The NIST AI RMF is more of a flexible playbook. It’s free, detailed, and great for companies just starting to think about AI risk management because it provides broad guidance on identifying and mitigating risks. ISO 42001, on the other hand, is concise and built for auditing, with a structure that aligns with other international standards, making it ideal for businesses seeking formal certification or global recognition. Choosing between them depends on a company’s maturity and goals. If you’re new to AI governance, start with NIST to build a foundation. If you’re ready for external validation or operate internationally, ISO 42001 might be the better fit.
What do you see as the biggest business opportunity in AI governance and assurance right now?
The opportunity lies in getting ahead of the curve. AI governance isn’t just about risk mitigation; it’s a competitive edge. Companies that establish trust and compliance early will stand out to customers, regulators, and investors. Right now, there’s a shortage of expertise in AI assurance—consultants who can guide businesses through safe implementation are in high demand. For forward-thinking firms, investing in this space isn’t just about avoiding pitfalls; it’s about positioning themselves as leaders in a market where trust will soon be the currency of success.
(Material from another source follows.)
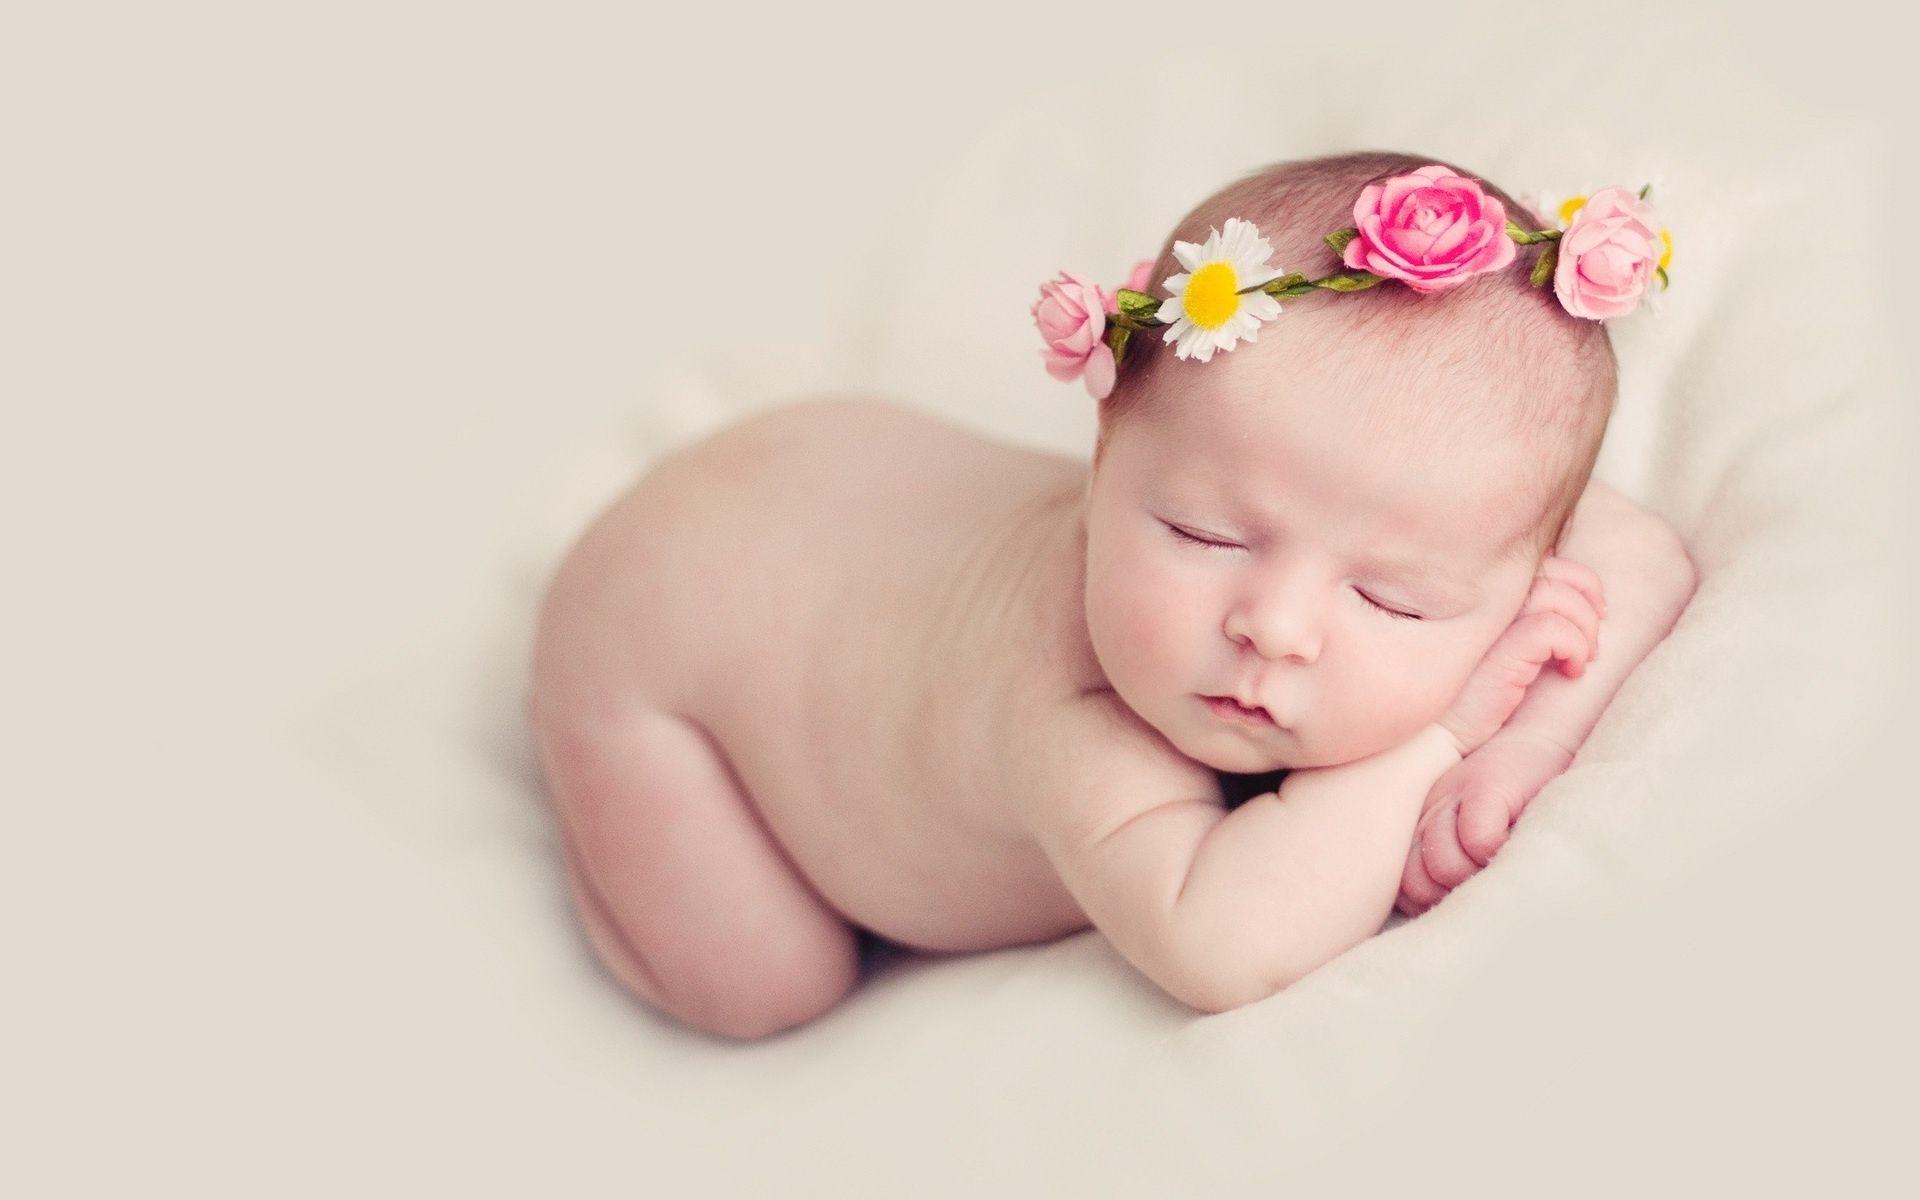 Cute babies wallpapers galleries

What is your forecast for the future of AI governance over the next few years?
I believe we’re on the cusp of a major shift. Over the next couple of years, we’ll see AI agents become more autonomous, handling complex decisions in areas like finance and healthcare. By 2025 or 2026, trust and standards will take center stage—regulators will tighten the reins, and businesses will face growing pressure to adhere to frameworks like ISO 42001. Adoption of these standards will skyrocket, much like we’ve seen with other tech regulations. My forecast is that companies who act now to build governance into their AI strategies will thrive, while those who wait will struggle to keep up with both compliance and public expectations.